- Church: Episcopal Church
- Diocese: Northern Michigan
- Elected: May 26, 1942
- In office: 1942–1964
- Predecessor: Herman R. Page Sr.
- Successor: George R. Selway

Orders
- Ordination: May 1917 by Herman R. Page Sr.
- Consecration: October 23, 1942 by Henry St. George Tucker

Personal details
- Born: May 3, 1892 Coeur d'Alene, Idaho, United States
- Died: November 10, 1977 (aged 85) Menominee, Michigan, United States
- Buried: Riverside Cemetery, Menominee, Michigan
- Denomination: Anglican
- Parents: Herman R. Page Sr. & Mary Moorhead
- Spouse: Lois Dickinson ​ ​(m. 1922; died 1930)​ Gwendolyn Cummins ​(m. 1933)​
- Children: 1
- Alma mater: Harvard University

= Herman Page (son) =

American Episcopal bishop (1892–1977)

Herman Riddle Page Jr. (May 3, 1892 – November 10, 1977) was an American prelate of the Episcopal Church who served as the fifth Bishop of Northern Michigan from 1942 till 1964.
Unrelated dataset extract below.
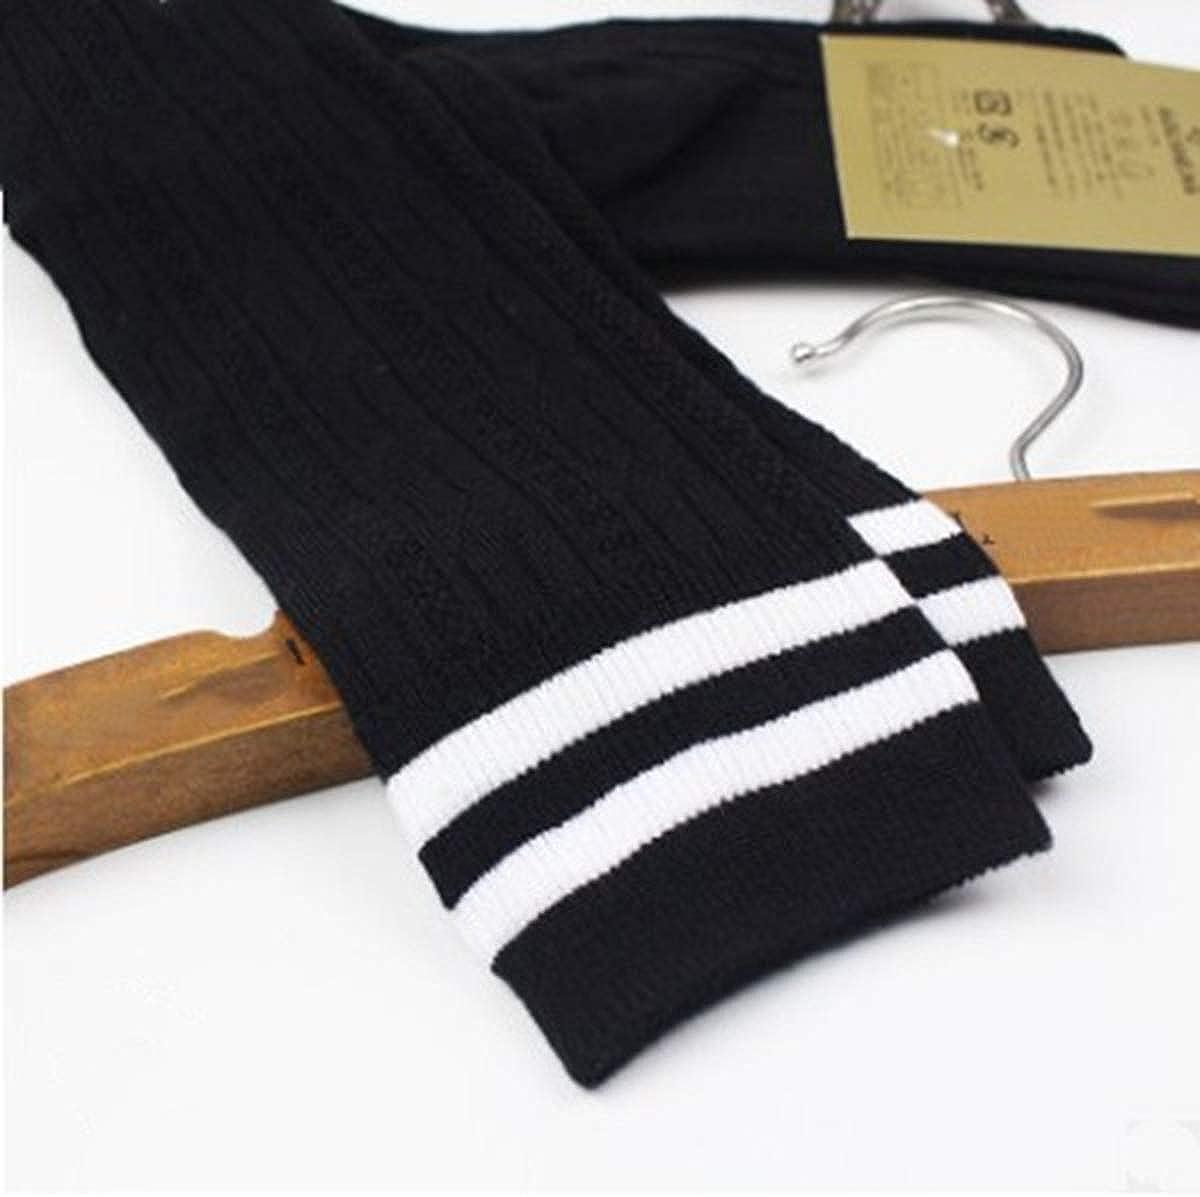 1 Pair Women Over Knee Socks Thigh High Socks Girl Casual Stockings Knit Knee High Leg Warmer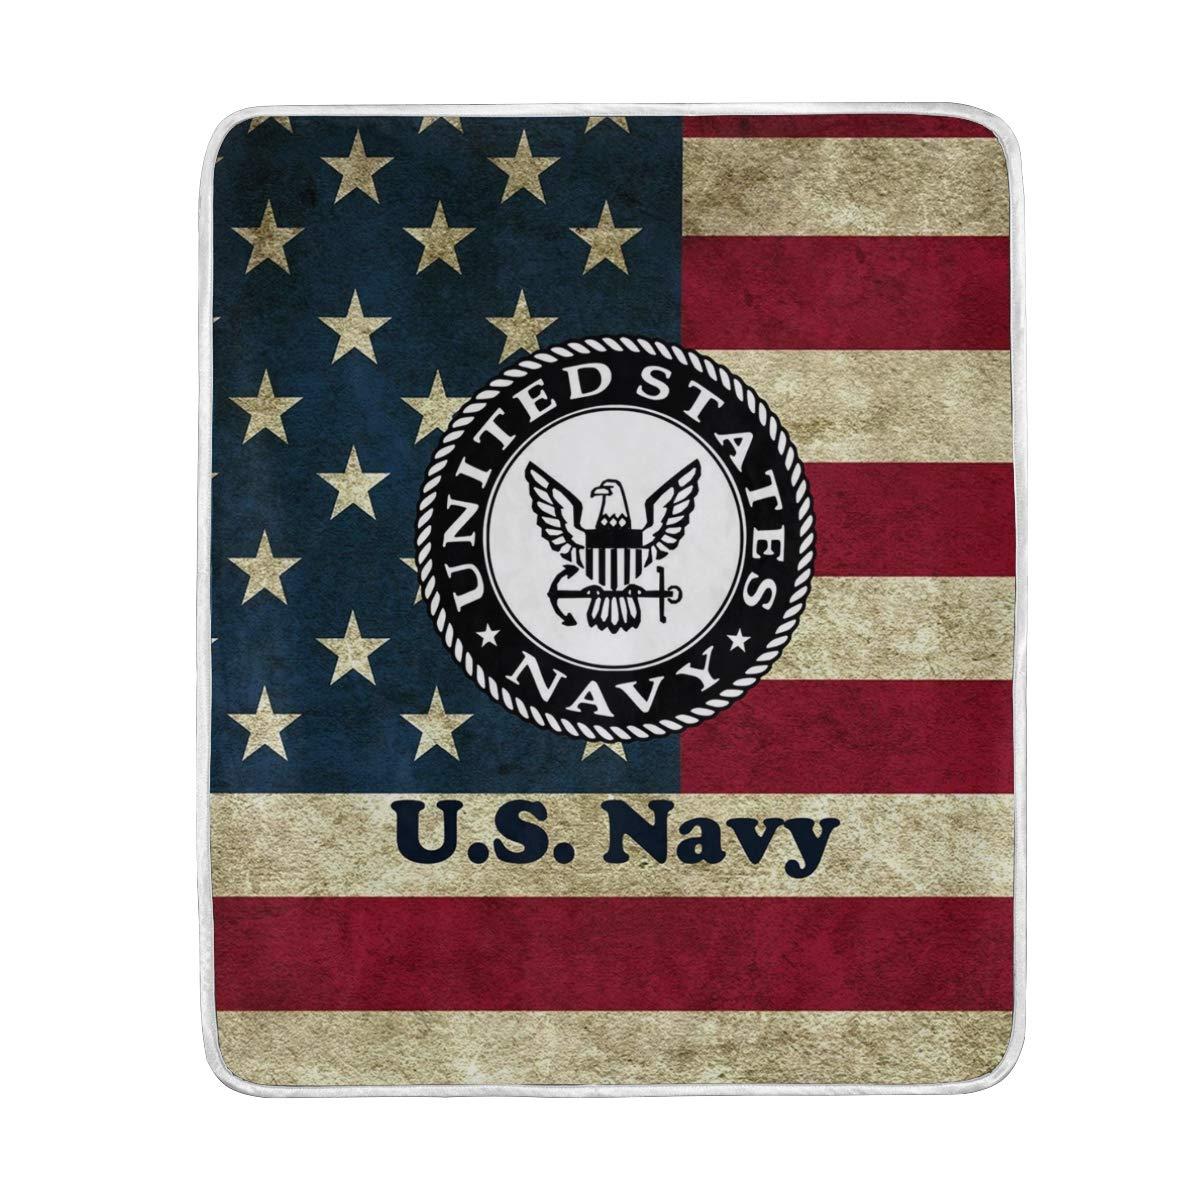 poeticcity ブランケット 1枚 米国海軍 フラシ天 シエスタキャンプ 50インチX60インチ 旅行用フリースブランケット 軽量 ソフトベッド 安全 ソファ カーペット 50

==Early life, education, and family==
Page was born on May 3, 1892, in Coeur d'Alene, Idaho, the son of the Reverend Herman R. Page who later became the forth Bishop of Northern Michigan, and Mary Moorhead. He was educated in the Hyde Park High School in Boise, Idaho, and then studied at Harvard University, from where he graduated with a Bachelor of Arts in 1913, and a postgraduate degree in 1914. He also attended the Episcopal Theological School and earned a Bachelor of Sacred Theology in 1917. Page married Lois Dickinson on June 25, 1922, and together they had one son. Lois died in 1930, and Page married Gwendolyn Byllesby Cummins on June 26, 1933.

==Ordained ministry==
Page was ordained deacon on August 6, 1916, and priest in May 1917, on both occasions by his father Herman R. Page. After ordination, Page became an army chaplain and served till 1919. In 1918 he Chaplain of the 13th Division. He then served as priest-in-charge of St John's Church in Okanogan, Washington, and St Paul's Church in Omak, Washington, between 1919 and 1922, and then as priest-in-charge of St Luke's Church in Wenatchee, Washington, from 1922 till 1923. In 1923, he was appointed rector of St Michael's Church in Yakima, Washington, while in 1925, he became assistant priest at St Paul's Cathedral in Boston. Between 1927 and 1942, he served as rector of St Paul's Church in Dayton, Ohio. He also served as an army chaplain between 1941 and 1942 during WWII.

==Bishop==
Page's father died in April 1942, and he was elected on the first ballot to succeed him as Bishop of Northern Michigan on May 26, 1942, during the annual diocesan convention. He was consecrated on October 23, 1942, in St Paul's Church, Dayton, Ohio, by Presiding Bishop Henry St. George Tucker. He also served as a member of the Michigan Civil Defence Council, chaplain of the Michigan State Police, and president of the Episcopal Province of Midwest from 1951 to 1957. Page retired in 1964 and served at Holy Innocents Church in Little Lake, Michigan. He died in November 1977 of a heart attack.